[Work instructions]: With pictures removed, the data below should be returned exactly.

[Dataset excerpt]:
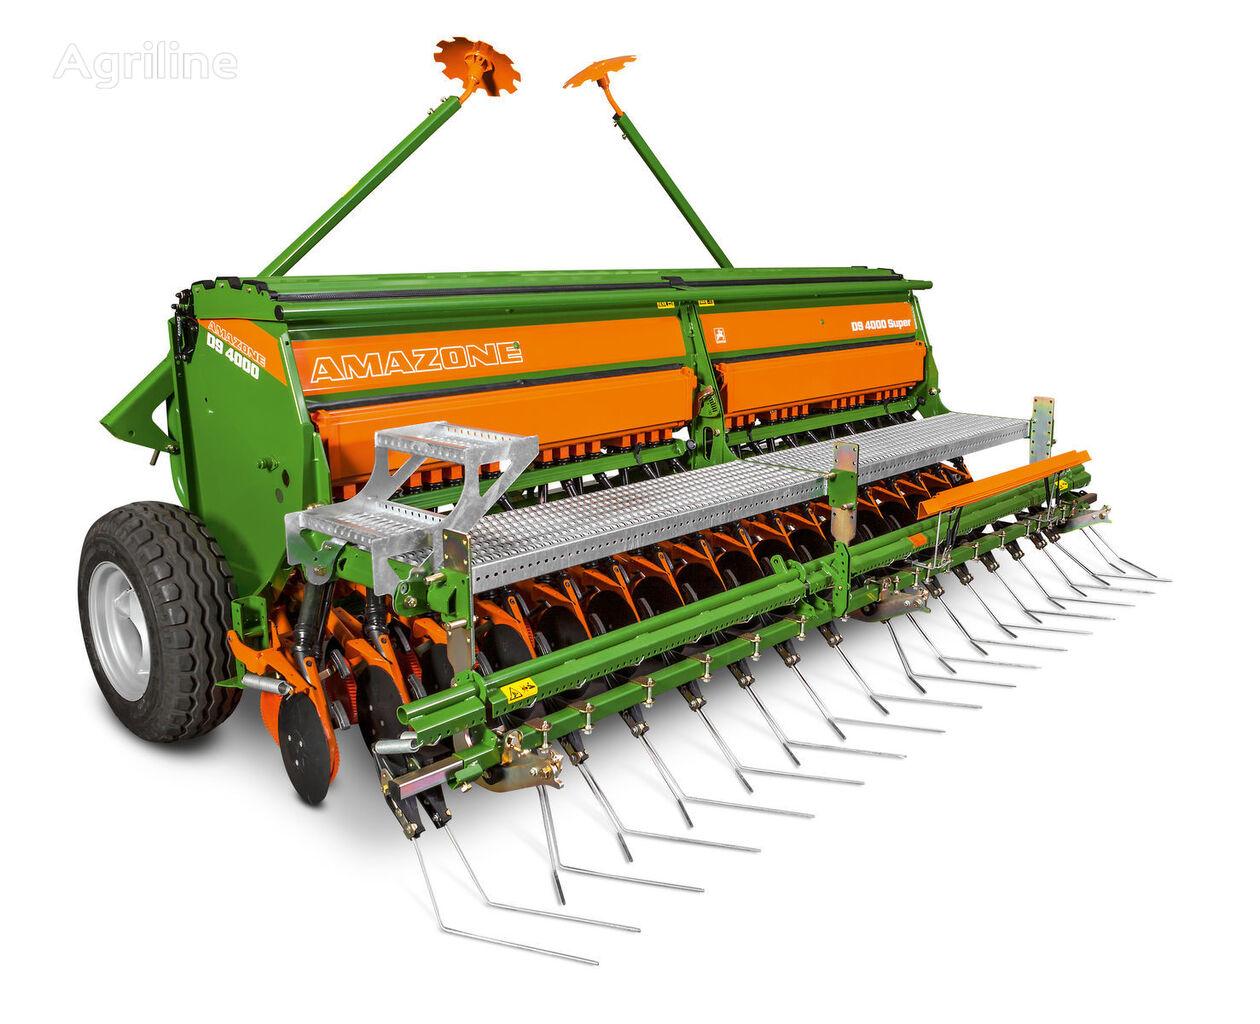 new AMAZONE D9 4000, V NALIChII, TORG ! mechanical seed drill
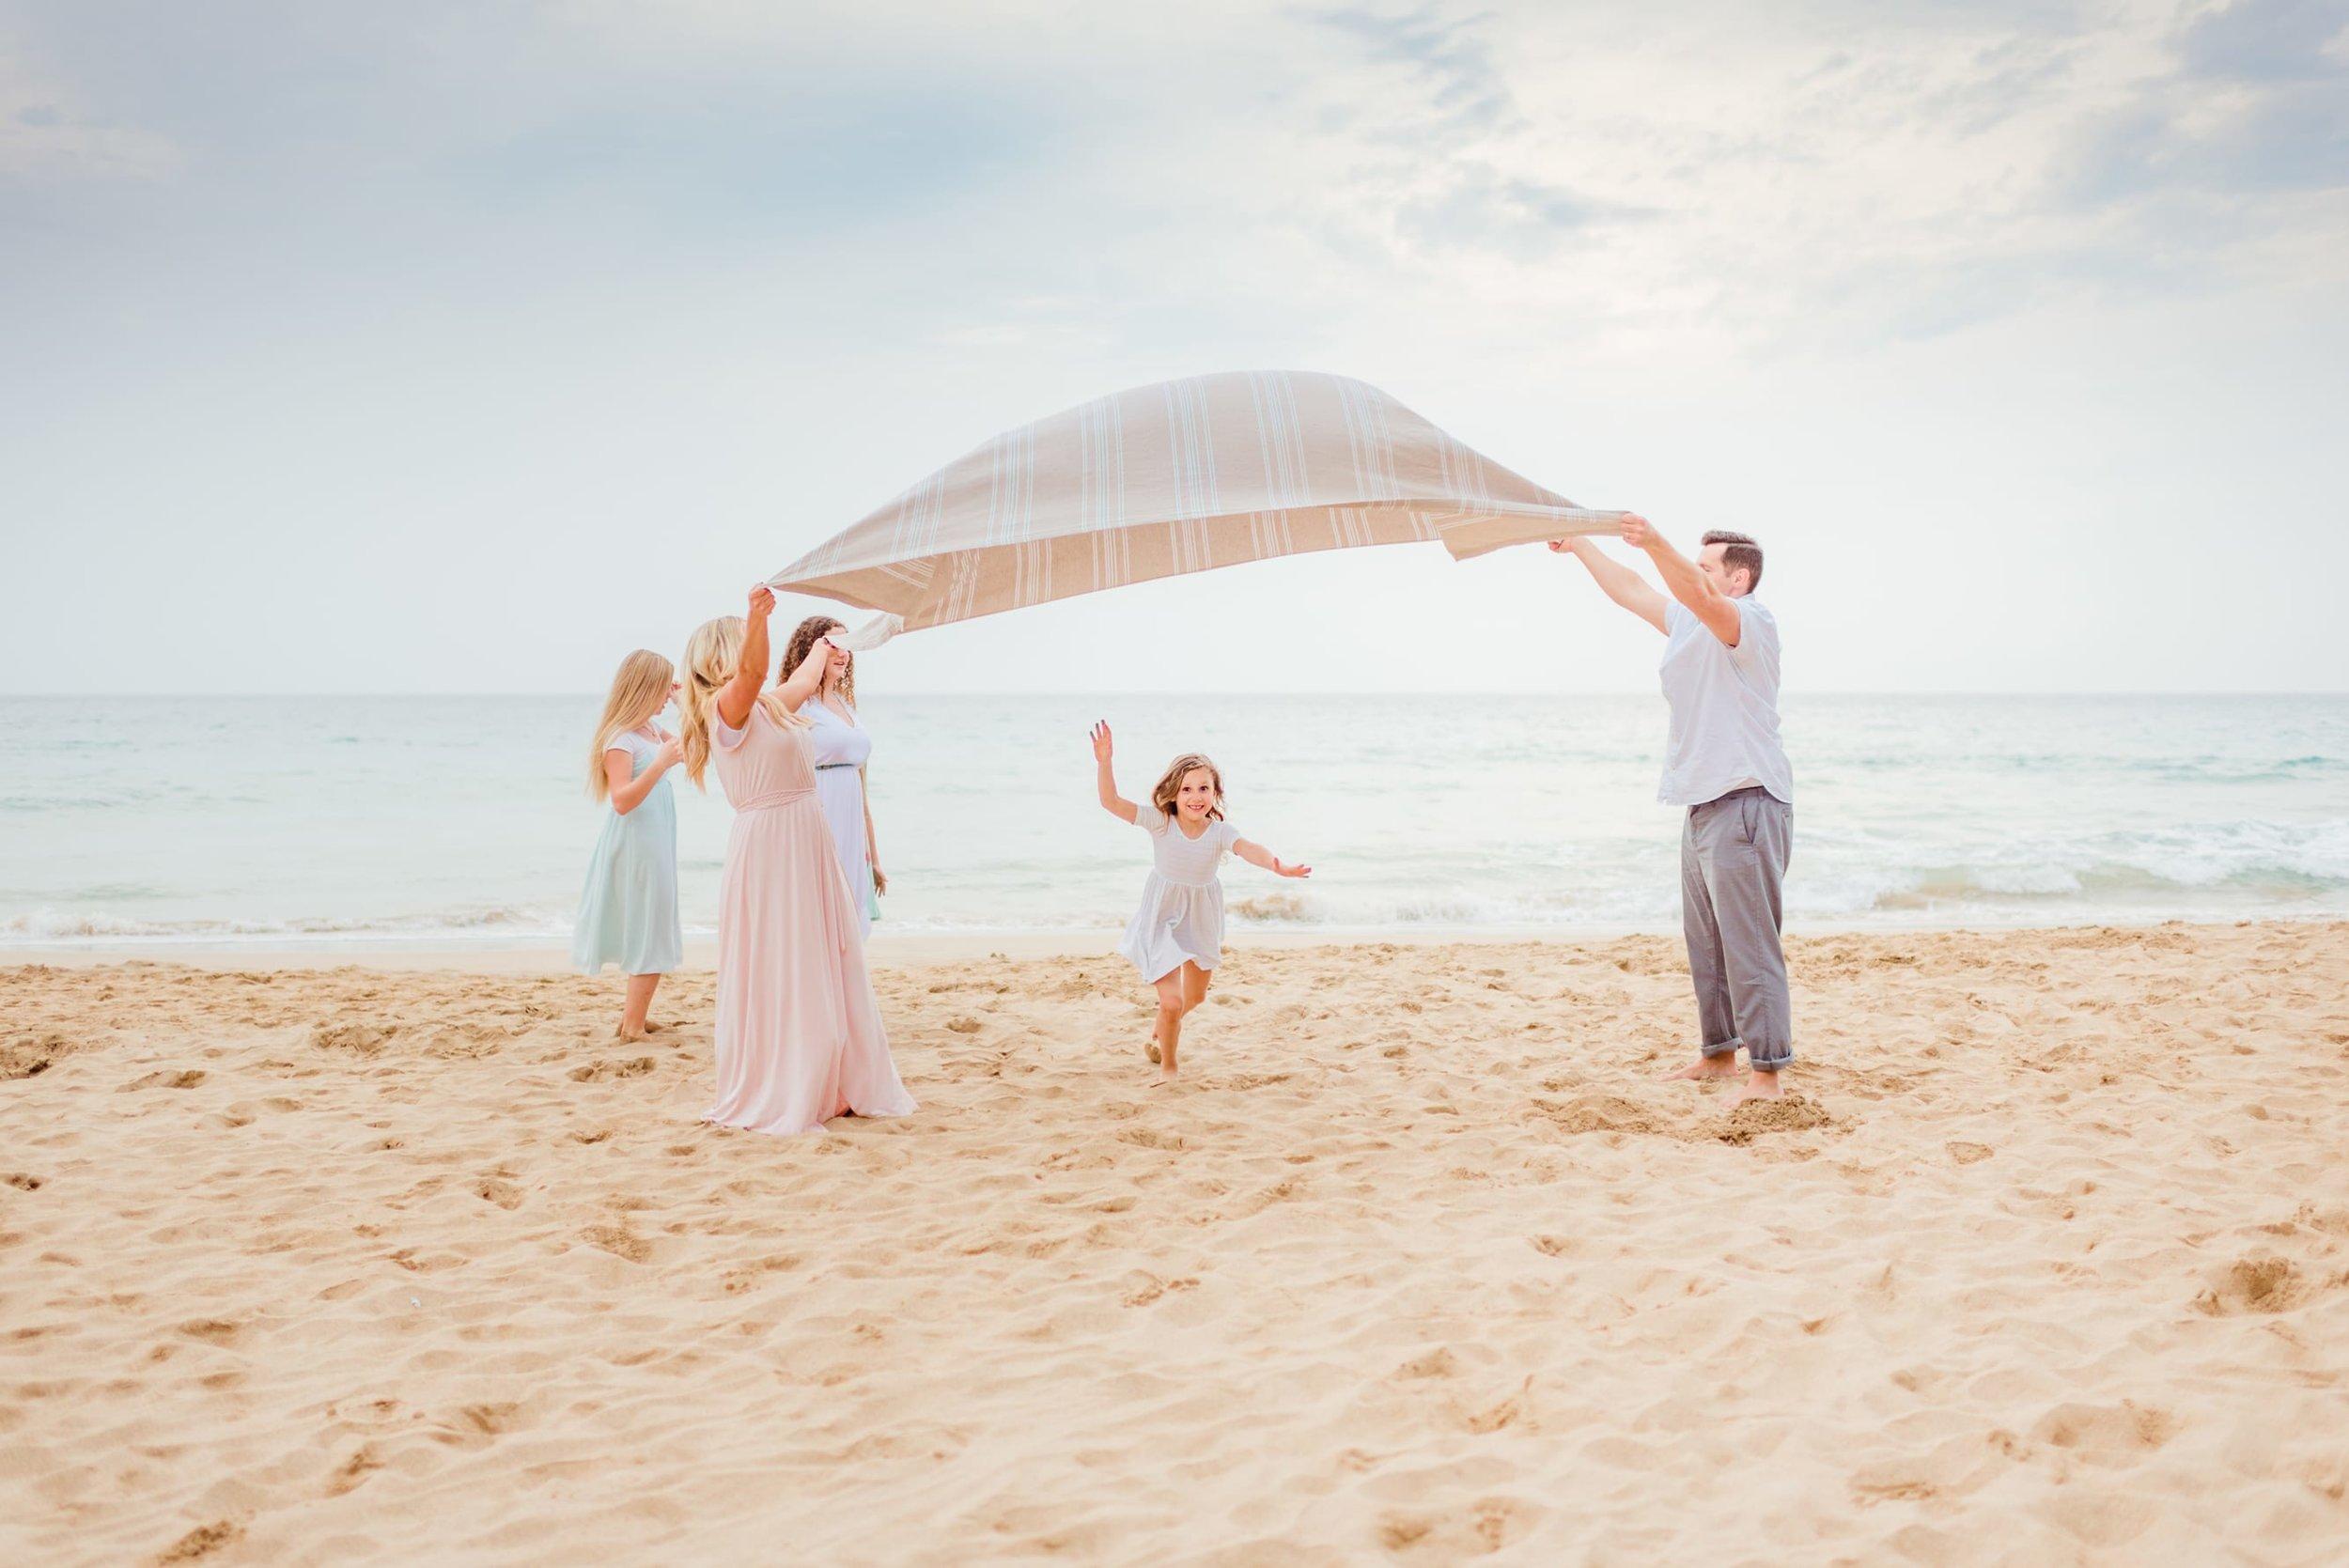 Hapuna-Beach-Resort-Hawaii-Family-Photographer-11.jpg
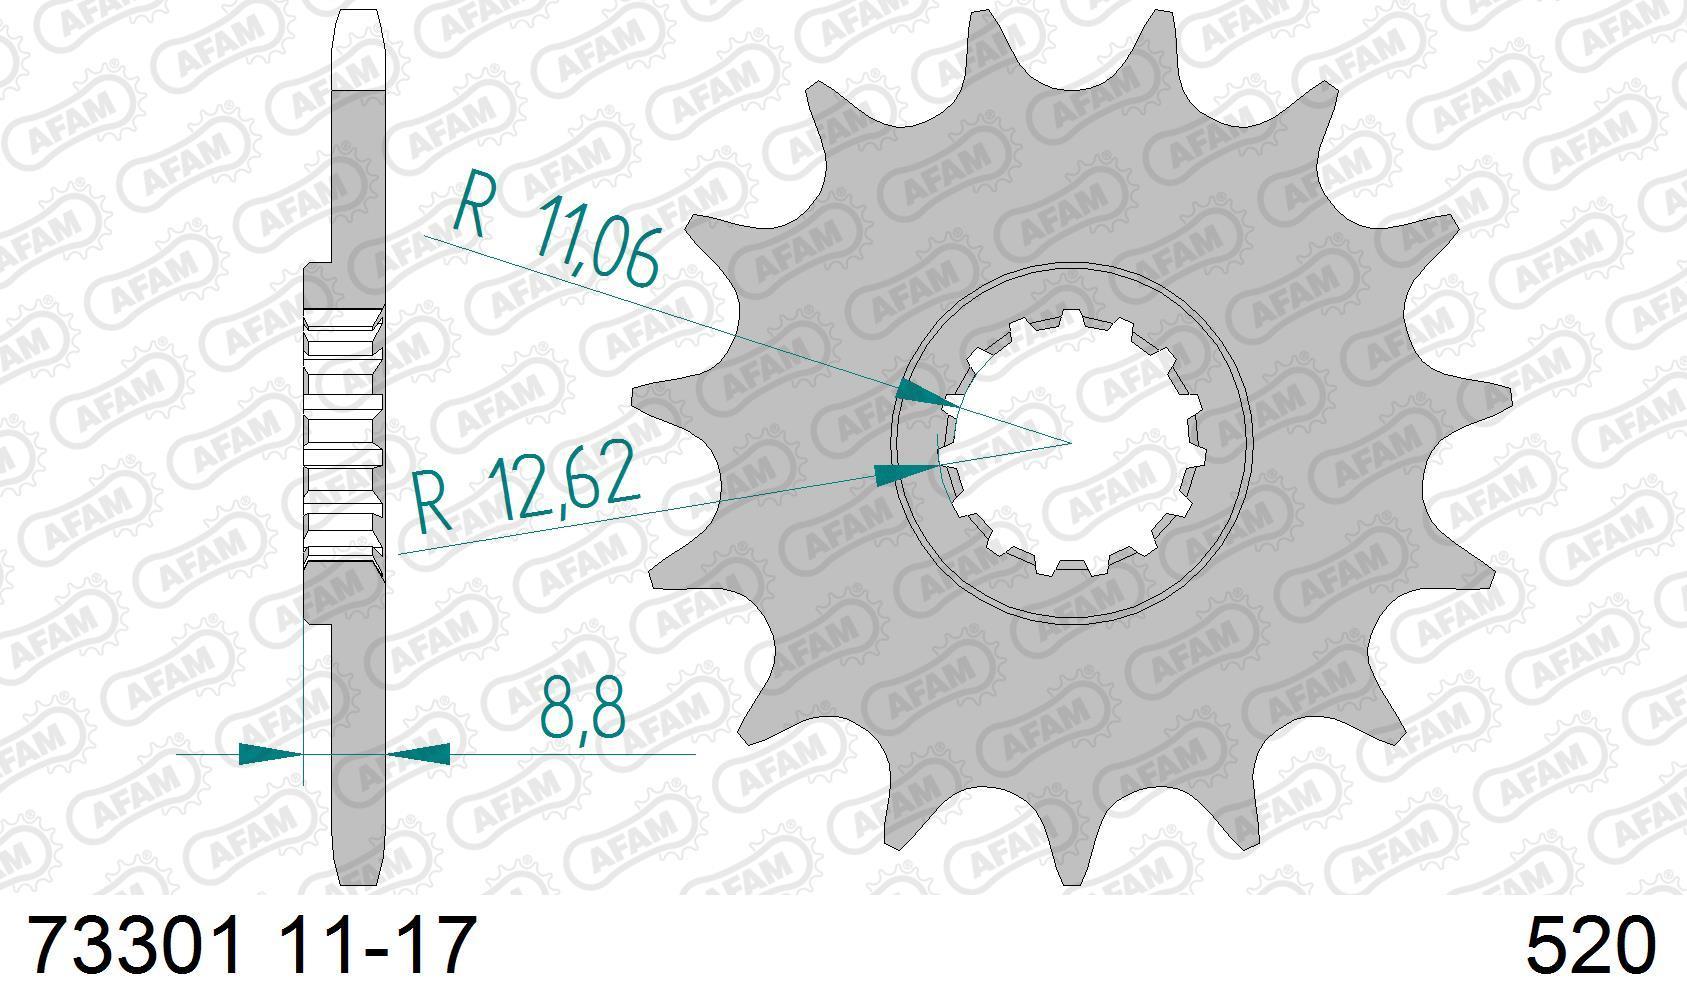 Kettingrondsel 73301-14 met een korting — koop nu!

[Exercise answer]:
 new AMAZONE D9 4000, V NALIChII, TORG ! mechanical seed drill
 Hapuna-Beach-Resort-Hawaii-Family-Photographer-11.jpg
 Kettingrondsel 73301-14 met een korting — koop nu!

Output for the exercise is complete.